Most young people bounce from partner to partner frivolously because they can't handle relationships once is goes past the honeymoon phase. Most of them don't really know what it means to "settle down". Or sometimes when the sex becomes slightly less exiting because you've had sex with them 100 times, they assume "things just didn't work out".

Also, there is a damn good reason why long-term married couples don't have sex as often as they used to. Do you have any idea how boring it would get after having daily sex for months, years even? They space it out as to not get bored.

Now, if all of this sounds unbearable, then perhaps marriage is not for you. The "love" that Hollywood tries to portray is pure 100% BULLSHIT.

When I see a couple fighting, I just walk away. I don't judge them for it, nor do I draw any conclusions from it. Know why? Cas' I've been married for 15 years and have a 16 year old son that's why :)
 
Love is commitment. It's putting up with the rain and sunshine. Granted I never been in a relationship with any lady, but I know what to look for in one. Courtesy of God providing me 2 amazing parents....however some people don't have that. To which I pity them because I personally wish to see him/her happy. I also know God would want them happy too.
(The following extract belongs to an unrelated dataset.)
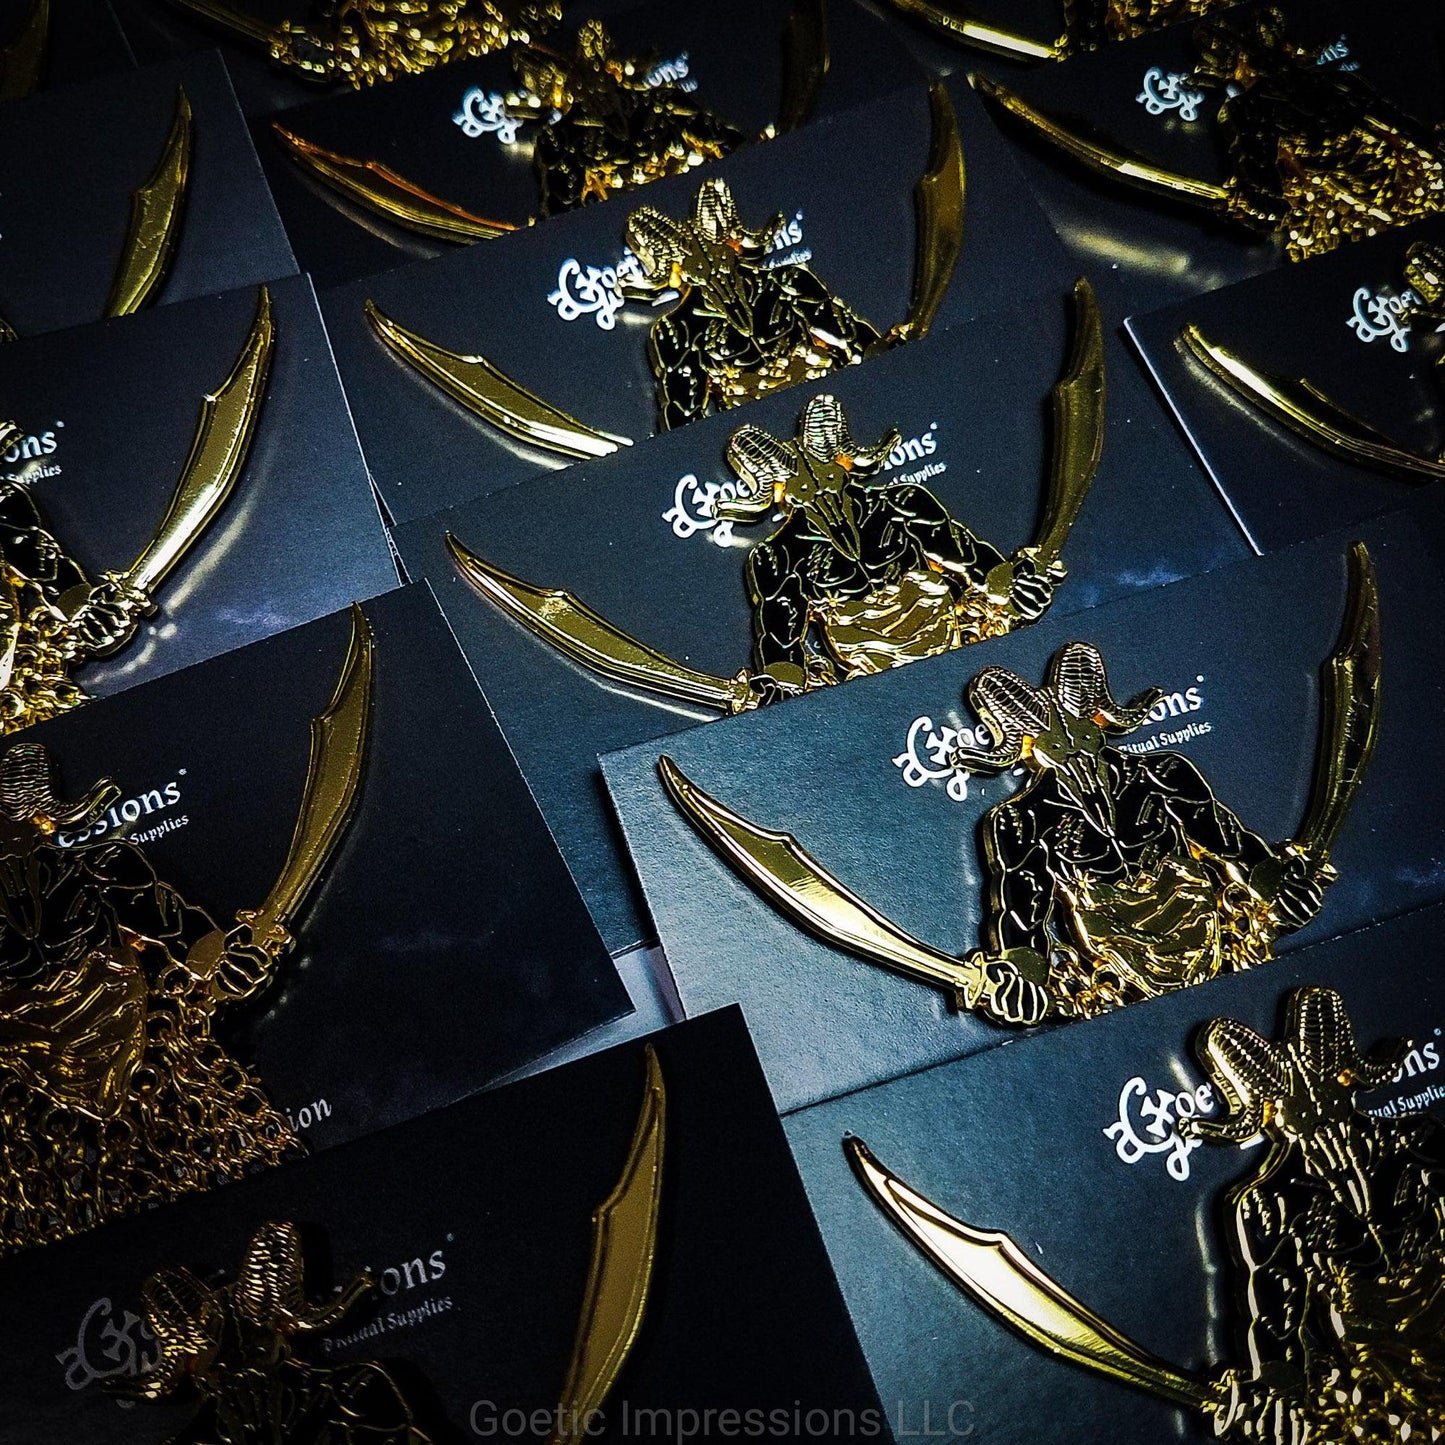 A series of several Azazel pins on card backs ready to be shipped.

The only thing I can recommend is just loving God through the good and bad times. The most beautiful thing about God, is when one invests all that he or she is hoping for a change, he or she is likely to change as long as they have faith as small as a mustard seed.

I can't tell anyone in simple words how he makes me love all kinds of people more. Heck even put up with bitter people who genuinely want to feel loved. Especially ones who just question God for all that he is.
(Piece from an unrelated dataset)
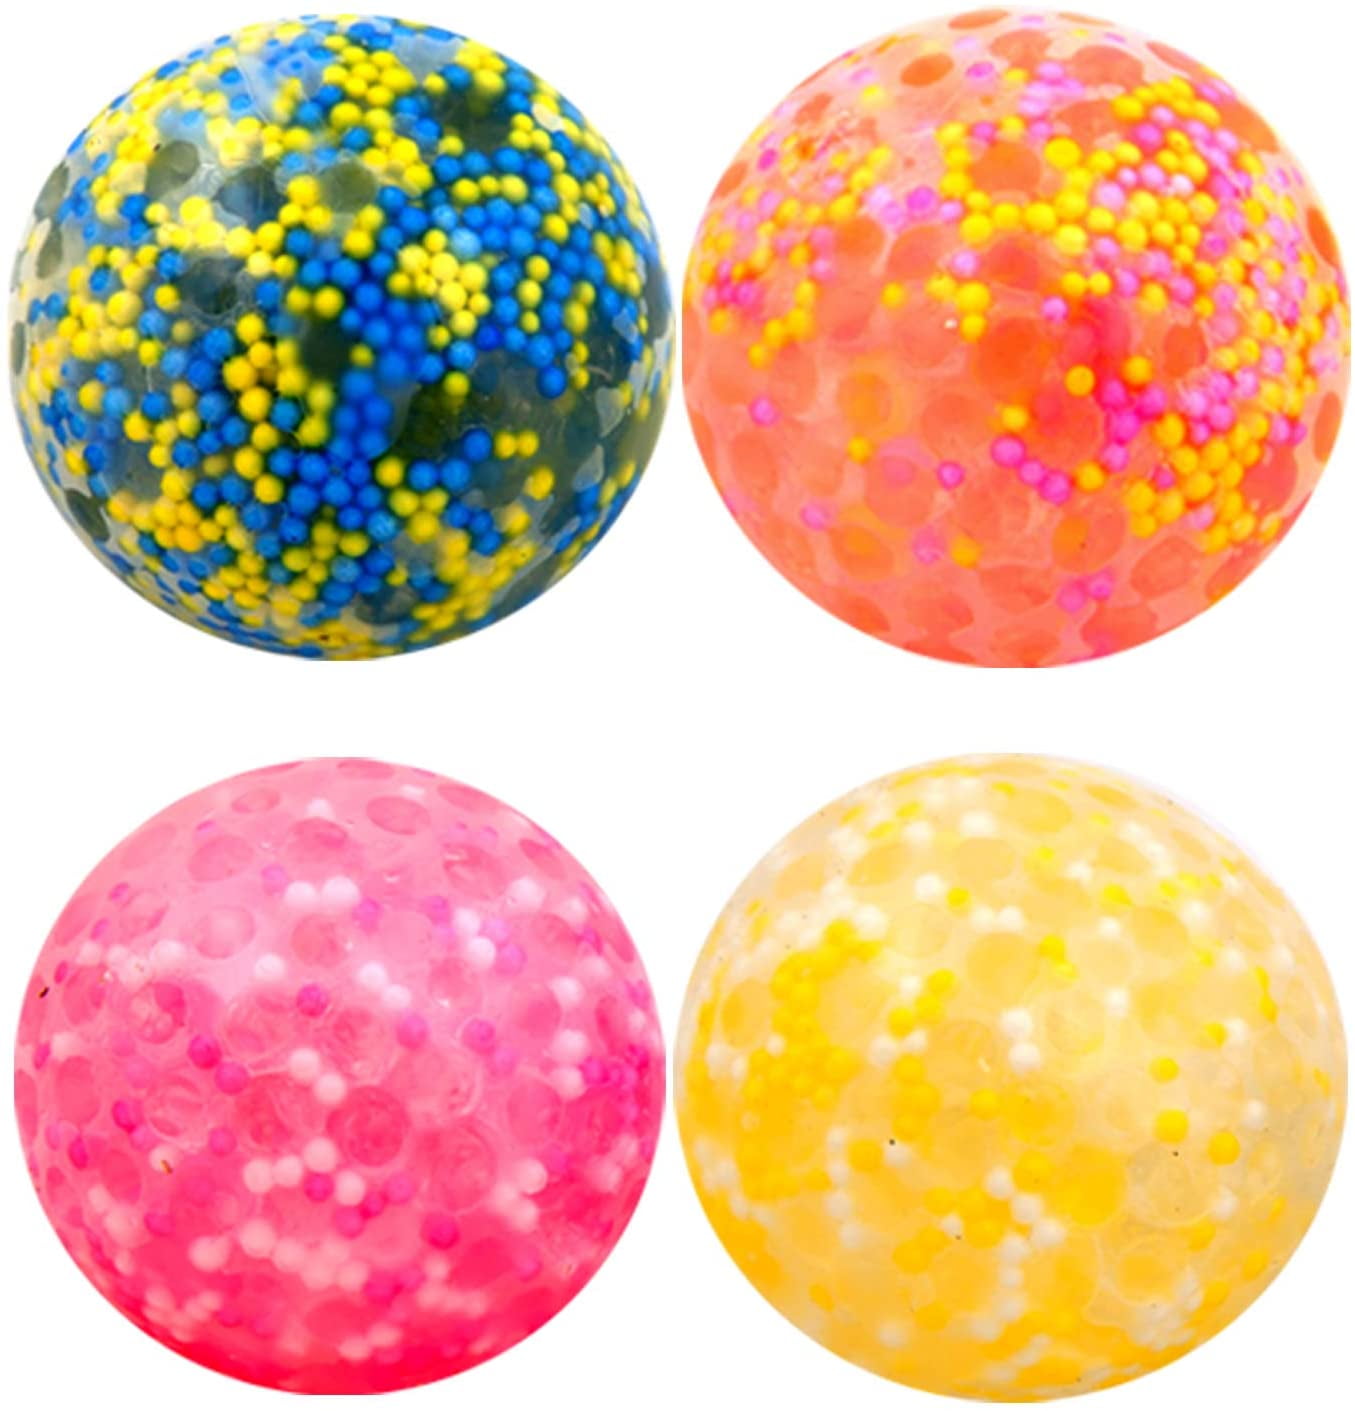 3 Stress Balls Stress Relief Ball Squeezy Stress Balls for Kids and Adults

We can have the best lady, the best job, and all kinds of things, yet we're empty once we really have it or not. Thus, anyone can plug up their ears and deny that they are actually living life. However once it's all said and done, where will we go once the dust settles?

That's a question all will have to think about once they enjoyed life yet underneath they're empty. Or enjoyed life as God guided them home.
 
Love is commitment. It's putting up with the rain and sunshine. Granted I never been in a relationship with any lady, SO I DON'T know what to look for in one.
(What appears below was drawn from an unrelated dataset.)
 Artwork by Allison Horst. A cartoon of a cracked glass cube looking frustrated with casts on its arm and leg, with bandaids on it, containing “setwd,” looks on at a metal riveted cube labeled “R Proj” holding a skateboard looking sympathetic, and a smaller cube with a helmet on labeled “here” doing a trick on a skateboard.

Seriously man, plz be in an relationship before giving advice or saying like it is. You know your are my homie, but damn lol. When you talk about this subject, you sound like a food critic writing long reviews on food you've never eaten. It's something you have to experience and no book or people watching will ever prepare you for it.

Also, there is a damn good reason why long-term married couples don't have sex as often as they used to. Do you have any idea how boring it would get after having daily sex for months, years even? They space it out as to not get bored.

Way to make marriage sound terrible Marginal.
 
I never wholeheartedly disagreed with him per se, it was the manner in which he said it. No one living on planet earth believes humanity, and life itself, is without problems.

But like you said, he doesn't offer any solutions, just stating the issues. And here's why I can relate to him:

I used to think like him. I used to be a complete pessimist and wondered why we even exist at all. He then goes on to claim that we try to justify our existence with our pleasures. This is where I disagree. I'm sort of a hedonist in a way. If things in life give you pleasure, joy, satisfaction, whether it be an accomplishment out of struggle, a cigarette, an orgasm, a cupcake, or marijuana, it doesn't matter. The sheer fact that things give us pleasure make life worth living and makes the whole process WORTH repeating.

In other words, been there, done that. I've been at the mountain top ready to jump off, I've been in the bar drinking 13 beers and crying to myself.

What I realized is that even though life is pretty much superficial and pointless to a large degree, there is still SOME good in it, or at least there are parts in it that outweigh what is bad.

He's probably had some major existential epiphany where he must come to grips with the meaning of his own life, but can't find it, so he's using his negative emotions to cloud his judgement over what is a completely neutral thing: life.

Life is what we make of it. It's up to US to make it good and worth doing. It's our responsibility.